To enable App Engine to create signed blobs (time-limited links to files in the private bucket), I added the required permission via the following command (using the console UI didn't work, [this](https://stackoverflow.com/a/76493825) helped):
```
gcloud projects add-iam-policy-binding probcomp-caliban --member=serviceAccount:probcomp-caliban@appspot.gserviceaccount.com --role='roles/iam.serviceAccountTokenCreator'
```
### SSL / Custom Domains
To publish to `www.gen.dev`, set `SUBDOMAIN` to `www`. To publish to a `PARENT_DOMAIN` other than `gen.dev`, an additional custom domain must be added via App Engine in Google Cloud.
[These instructions](https://gist.github.com/patmigliaccio/d559035e1aa7808705f689b20d7b3fd3) were essential to enabling SSL for a wildcard
subdomain on App Engine. I created an origin certificate in Cloudflare, appended the [Cloudflare Origin CA root certificate (ECC PEM)](https://developers.cloudflare.com/ssl/origin-configuration/origin-ca#cloudflare-origin-ca-root-certificate) to the PEM file, and converted the private key to RSA using the following command ([note](https://gist.github.com/patmigliaccio/d559035e1aa7808705f689b20d7b3fd3?permalink_comment_id=4421351#gistcomment-4421351) the `-traditional` flag):
```sh
openssl rsa -in domain.com-YYYY-MM-dd.key -out domain.com-RSA-YYYY-MM-dd.key -traditional
```
The certificate was free and expires in 15 years; it's only useful for use between Cloudflare and App Engine. (If we would switch DNS providers we would need another wildcard subdomain SSL solution.)

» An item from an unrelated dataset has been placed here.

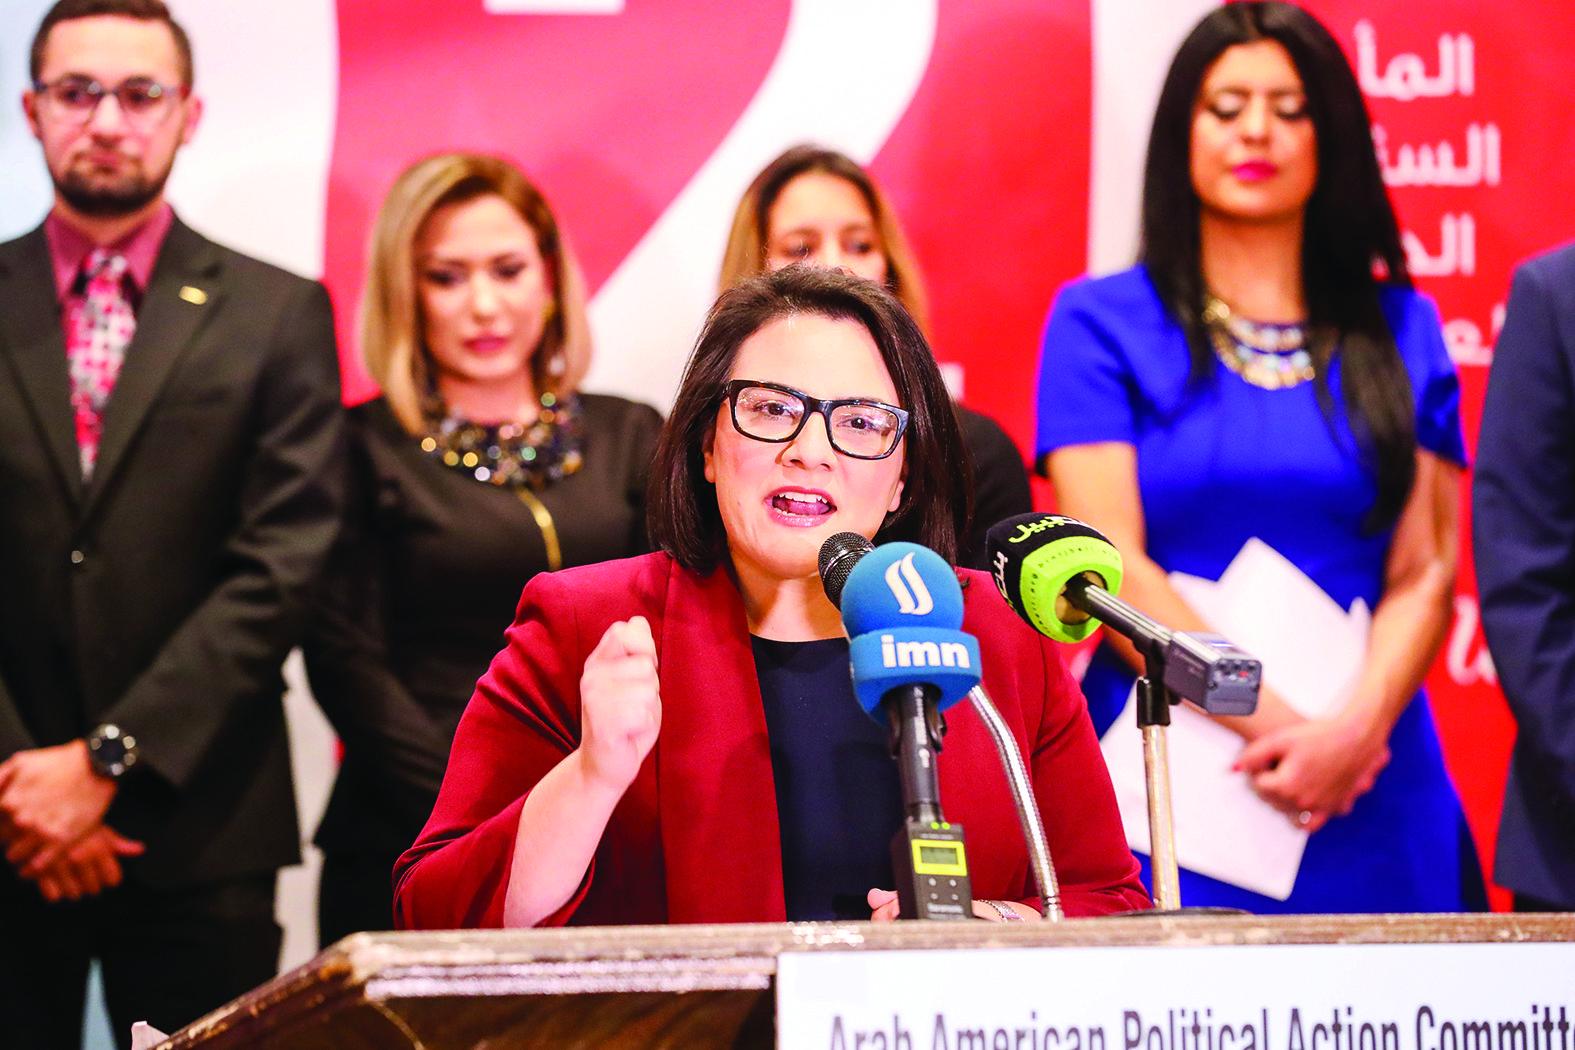 مديرة مكتب «الاتحاد الأميركي للحريات المدنية» رنا المير بعد نيلها جائزة تكريمية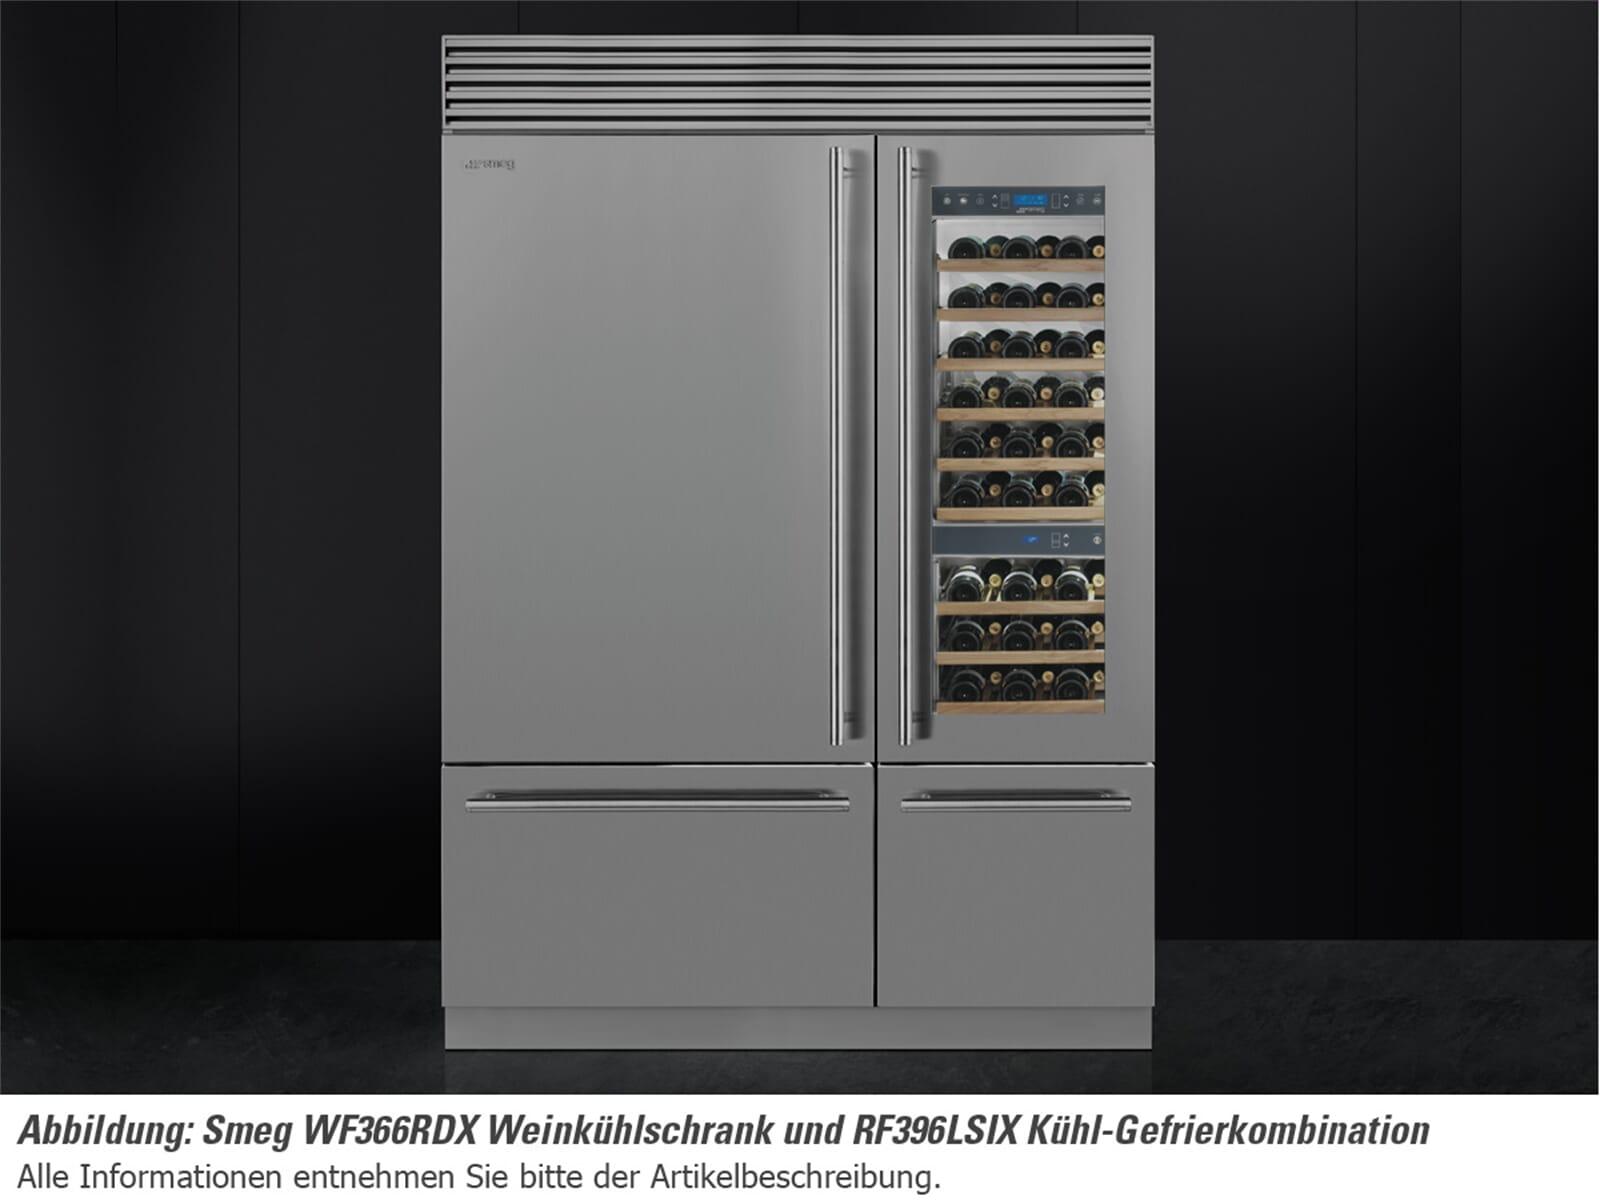 Amerikanischer Kühlschrank Mit Weinfach : Amerikanischer kühlschrank mit weinfach kühlschrank günstig

### Accessing Files from Other Buckets
This server now supports accessing files from any Google Cloud Storage bucket that grants read access to the `gen-website-private-admin@probcomp-caliban.iam.gserviceaccount.com` service account. You can access these files using the following URL pattern:
```
https://probcomp-caliban.uc.r.appspot.com/bucket//
```
Note that we currently use signed urls for bucket redirects, which do not respect the CORS policy of the bucket.
### CORS
As buckets are private, we redirect using time-limited signed urls, which do not follow the CORS policy of the bucket. ~CORS support is handled by `cors-config.json` which was added to the bucket via `gsutil cors set cors-config.json gs://gen-website-private` ([details](https://stackoverflow.com/questions/45273514/google-cloud-storage-gcs-cors-wildcard))~
## Developer notes
### Cloudflare Worker
A cloudflare worker (`./private-website-cache/src/worker.js`) sits in front of `*.gen.dev` to apply caching policies, which are otherwise ignored/overwritten by IAP (Identity Aware Proxy). These can be modified by:
- editing `worker.js`
- making sure you have access to our Cloudflare group
- `npx wrangler login` and `npx deploy` from within the `private-website-cache` directory
### Caching Policies
The Cloudflare worker implements three tiers of caching:
1. HTML files:
- Private cache (per-user)
- 60 second max age
- 30 second stale-while-revalidate window
2. Static assets (default):
- Public cache
- 24 hour max age
- 1 hour stale-while-revalidate window
3. Large binary files (.wasm, .data):
- Public cache
- 1 year max age
- Immutable (no revalidation)
- Uses Cloudflare Cache API for improved performance
The worker strips standard caching headers from the origin and applies these policies consistently. It also preserves ETags and Last-Modified dates when available, and sets Vary: Accept-Encoding for proper handling of compressed content.